From my standpoint, this column should be the last in a series of four very different columns by two very different authors.
Two brilliant philosopher scientists have been maligned in previous columns, so it was my duty to come to their defense.
Thomas Malthus predicted overpopulation. While his overpopulation limits were too aggressive, there are people starving in many parts of the world today. Suggesting anything different shows a callous lack of concern for the suffering in overpopulated areas.
Margaret Sanger was a nurse who took a different view of the overpopulation issue more than 100 years after Malthus. She believed that the solution to overpopulation was in education regarding family planning and birth control. She practiced obstetrical nursing in the poverty-stricken Lower East Side of New York City.
There, she witnessed the terrible correlation between poverty, uncontrolled fertility and high rates of infant and maternal deaths from illegal abortions. She devoted herself to removing the legal barriers to publicizing the facts about contraception.

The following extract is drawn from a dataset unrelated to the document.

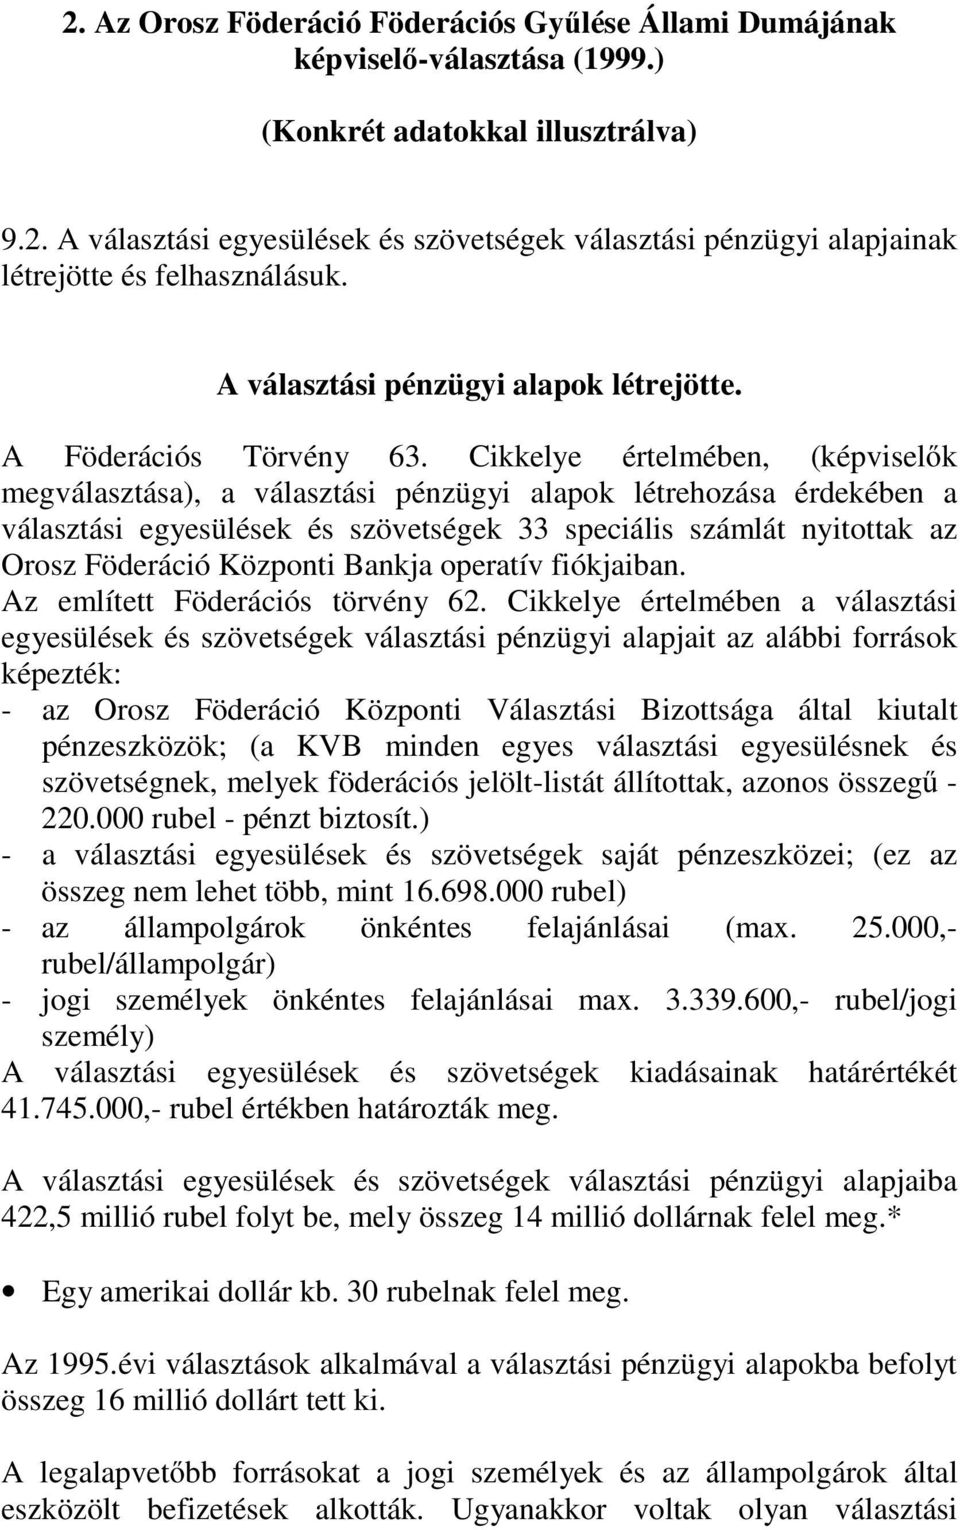 Cikkelye értelmében, (képviselők megválasztása), a választási pénzügyi alapok létrehozása érdekében a választási egyesülések és szövetségek 33 speciális számlát nyitottak az Orosz Föderáció Központi
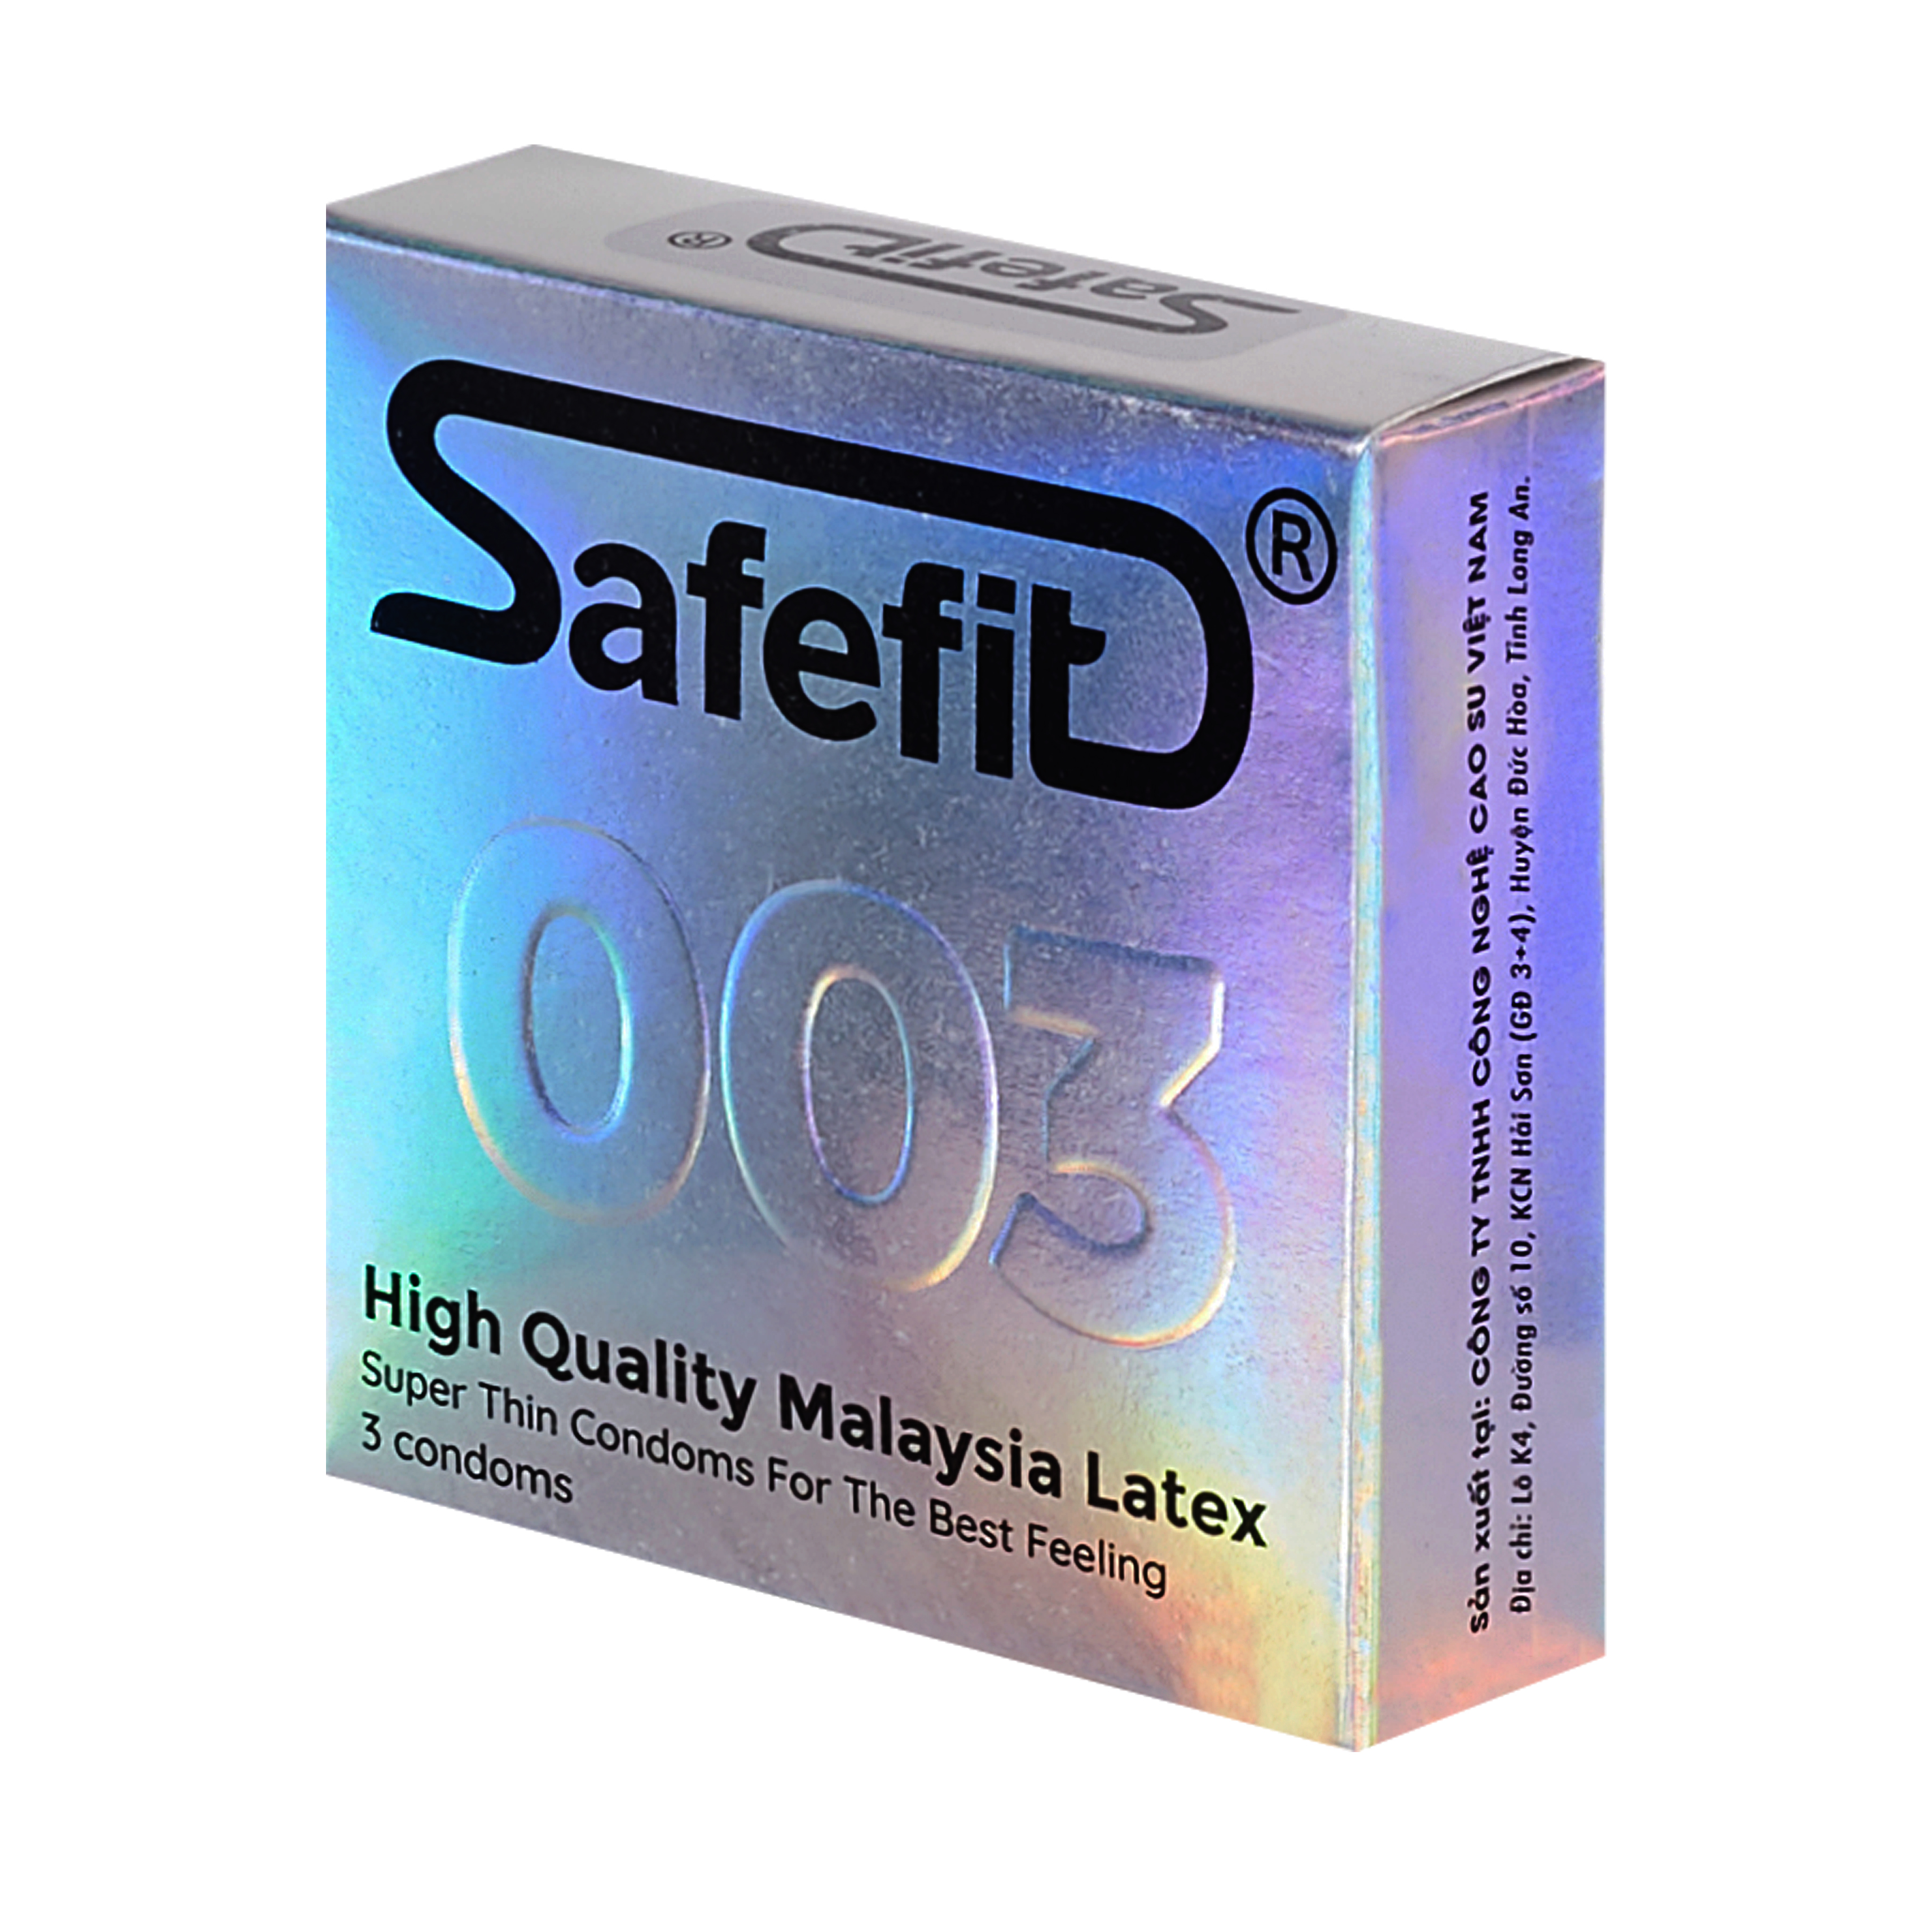 Bao cao su SafeFit siêu mỏng 003 hộp 3 cái

In 1916, Sanger was indicted for mailing materials advocating birth control. The charges were later dropped due to something we call the First Amendment. She was also jailed for opening the first birth control clinic which was branded a “public nuisance” by the local authorities. Eventually her organization morphed into Planned Parenthood centers.
Sanger’s critics focus on her early belief in eugenics, which means selective breeding. She is branded to be a racist as a result.
Many great people made mistakes in their early thinking. To quote her writings on eugenics in a column without giving credit to her reversal on the subject is patently deceptive. Further, to use Sanger’s work to alleviate poverty and educate people on family planning options as a linkage to a personal belief about abortion is a leap too far. She died in 1966 at the age of 86.
Her active career ended many years before the Roe v. Wade Supreme Court decision. All she tried to do was to save lives lost by desperate women.
The Age of Enlightenment began in the early 1700’s in Europe. The ideas included individual liberty, leadership by reason and evidence as the primary source of knowledge. The philosophers at the time wrote about advanced ideals such as the pursuit of happiness, progress, tolerance, constitutional government and separation of church and state.
The Enlightenment followed the Renaissance and the Scientific Revolution. All of these periods ended the Dark Ages.
Most periods of progress for humanity end quickly. Our American freedom began with a revolution that was philosophically based on the Enlightenment, not the Dark Ages.
Democracy emerged for some Americans unless you were a slave or a woman. The Civil War began an era of freedom for Blacks that was nearly crushed by the Jim Crow laws including massive voter suppression. Suffragettes won the vote for women. Teddy Roosevelt began the National Park System. FDR began the New Deal. Ronald Reagan crushed Communism. Private entrepreneurs with disruptive technologies make our lives mostly better every day.
In closing, the French philosopher Voltaire was a key voice of the Enlightenment. Voltaire is credited with saying “I may disapprove of what you say, but I will defend to the death your right to say it.” Please remember, the opposite of enlightenment is ignorance.
Thanks to Kevin Hensley and The Graham Star for printing different views.